On May 8, 2013, plaintiff filed the instant motion, in which it asks the court to issue an in limine order confirming that all three issues will be tried. Plaintiff's supporting papers contain a recitation of the procedural history of the case, including what can only be described as a rant about its frustration with Justice Lowe's prior orders and its general frustrations with Rite Aid. Plaintiff did not file papers that could in any way be considered a record upon which summary judgment can be granted.

In opposition, Rite Aid set forth its own rant about plaintiff and arguments about whether this court is procedurally permitted to make summary judgment rulings at this juncture.

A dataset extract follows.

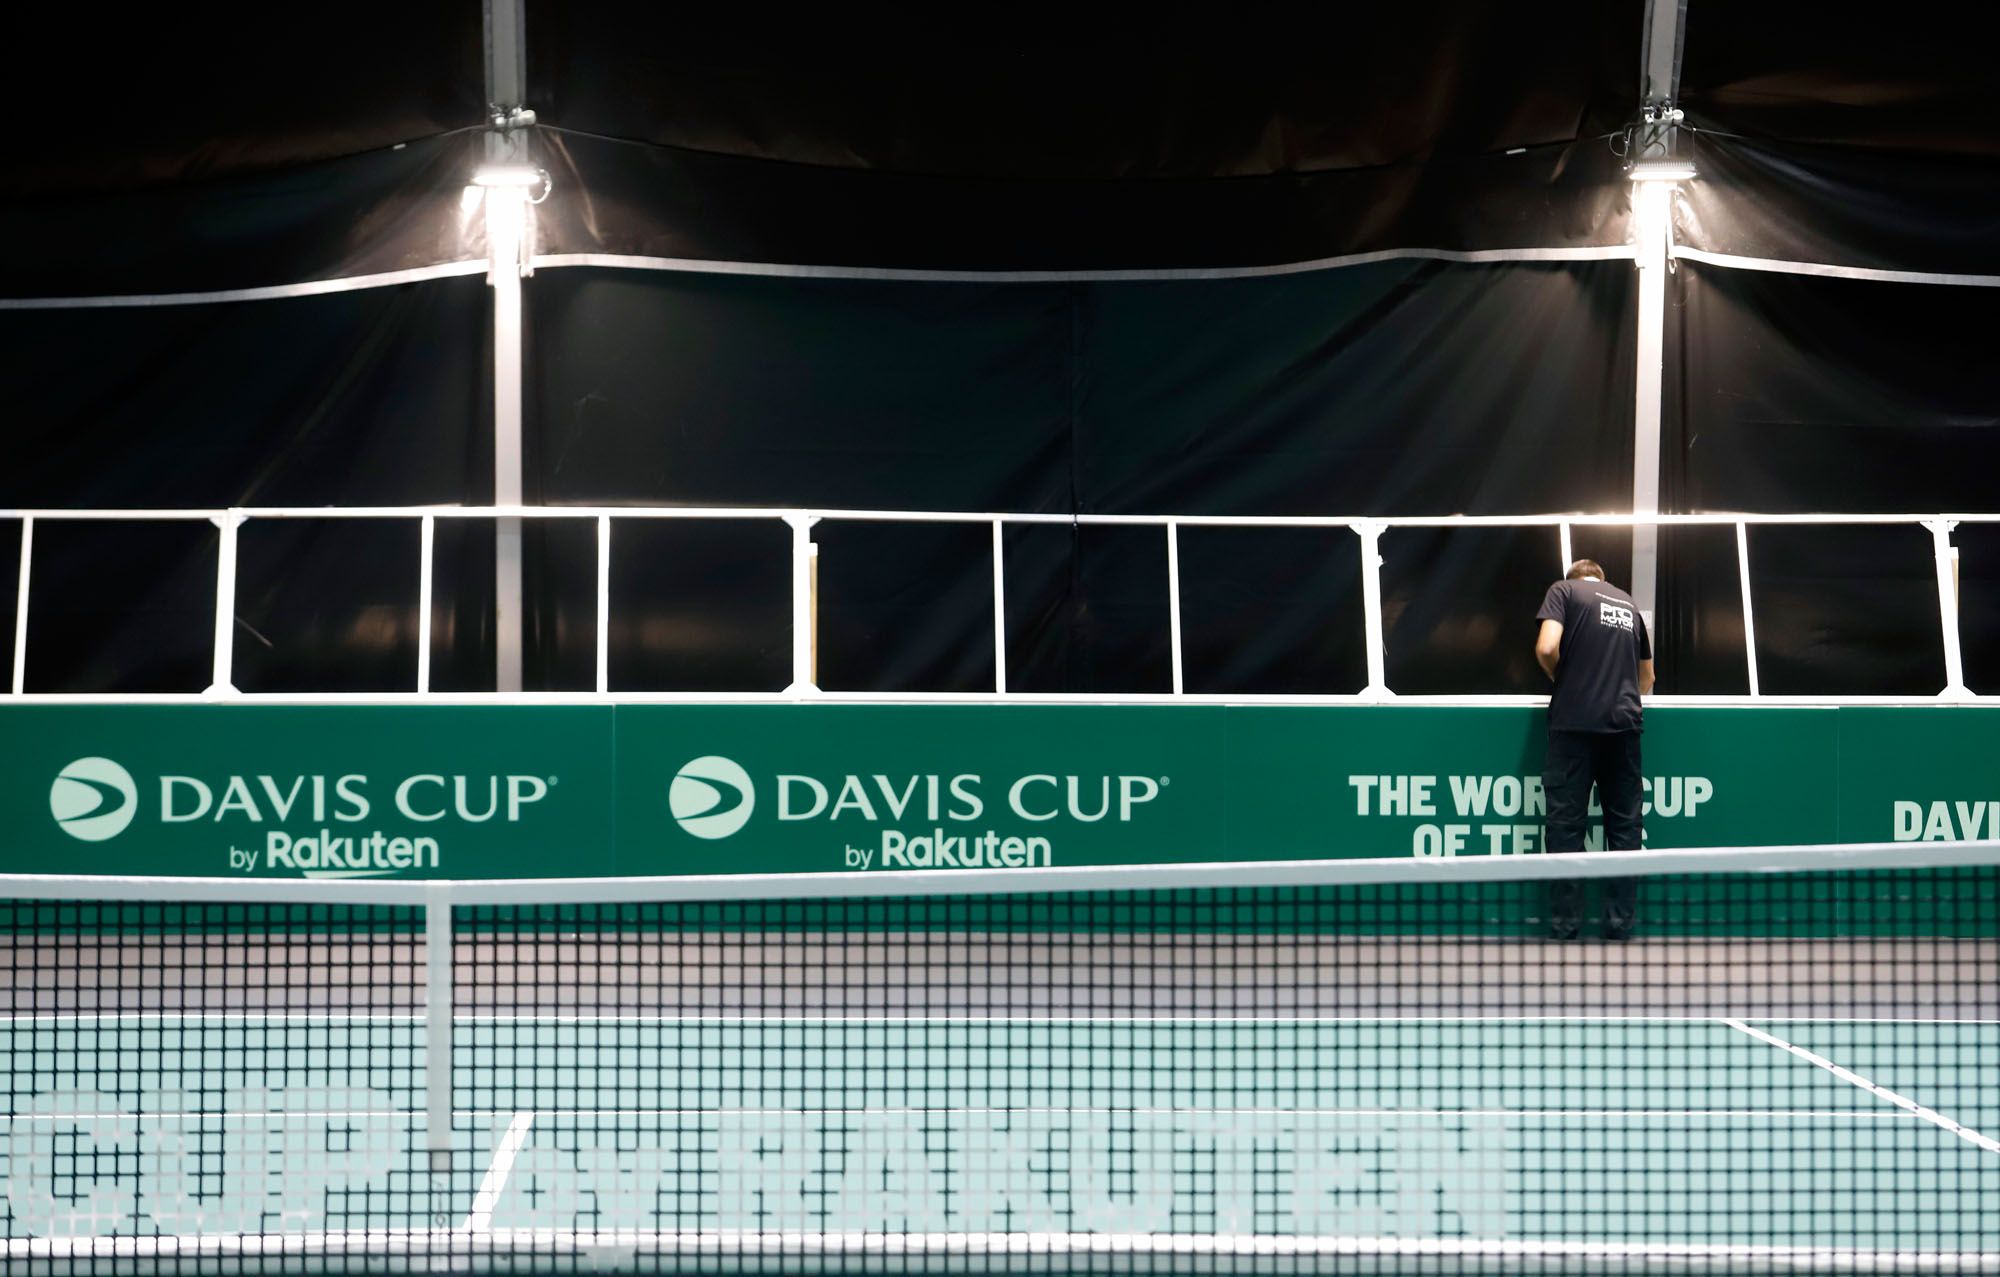 Preparativos para las Finales de la Copa Davis en el entorno del Carpena

Plaintiff's reply papers are more of the same. After a hearing was held on August 1, 2013, the court reserved judgment.

Discussion

The court has two options: (1) rule now, go to trial, and run the risk of a retrial if the Appellate Division determines that certain issues (i.e.agency) were improperly precluded; or (2) try everything, so that any potential reversal on appeal would not result in a second trial.

As for the issues to be tried, the first, ownership, must be allowed since the Appellate Division has specifically ruled that questions of fact as to ownership preclude summary judgment. The second issue, alter ego,[1] was raised before this court at the parties' first appearance and is an issue that the court always intended to try. The third issue, agency, was raised before Justice Lowe and although he applied Delaware, not New York, law, this court believes it was rightly decided since the law in the two jurisdictions is the same. Nonetheless, the court declines to preclude trial of this issue.

As plaintiff pointed out at argument, we are well beyond the stage at which a new summary judgment motion can be made. See Brill v. City of New York, 2 N.Y.3d 648 (2004). There is no " good cause" to allow another summary judgment motion at this late juncture, especially where the court has given the parties ample opportunity to brief the merits. Id. Moreover, this case is not being tried by a jury, where the added agency issue might confuse the jury and lengthen the time they volunteer to the public. Rather, the court will be the fact finder and can decide the agency issue in its trial decision. Therefore, plaintiff will be allowed to proceed to trial on ownership, alter ego, and agency, the court will make findings of fact and conclusions of law, and errors by this court can be resolved by the Appellate Division without running the risk of an unnecessary second trial in this much-delayed action. Accordingly, it is

ORDERED that plaintiff's motion is granted, and it may proceed to trial on ownership, alter ego, and agency; and it is further

ORDERED that the parties are to appear in Part 54, Supreme Court, New York County, 60 Centre Street, Room 228, New York, NY, for a pre-trial conference on September 3, 2013 at 11:00 in the forenoon in order that the court may rule, pre-trial, on the admissible evidence and provide a clear record if there is to be yet another appeal.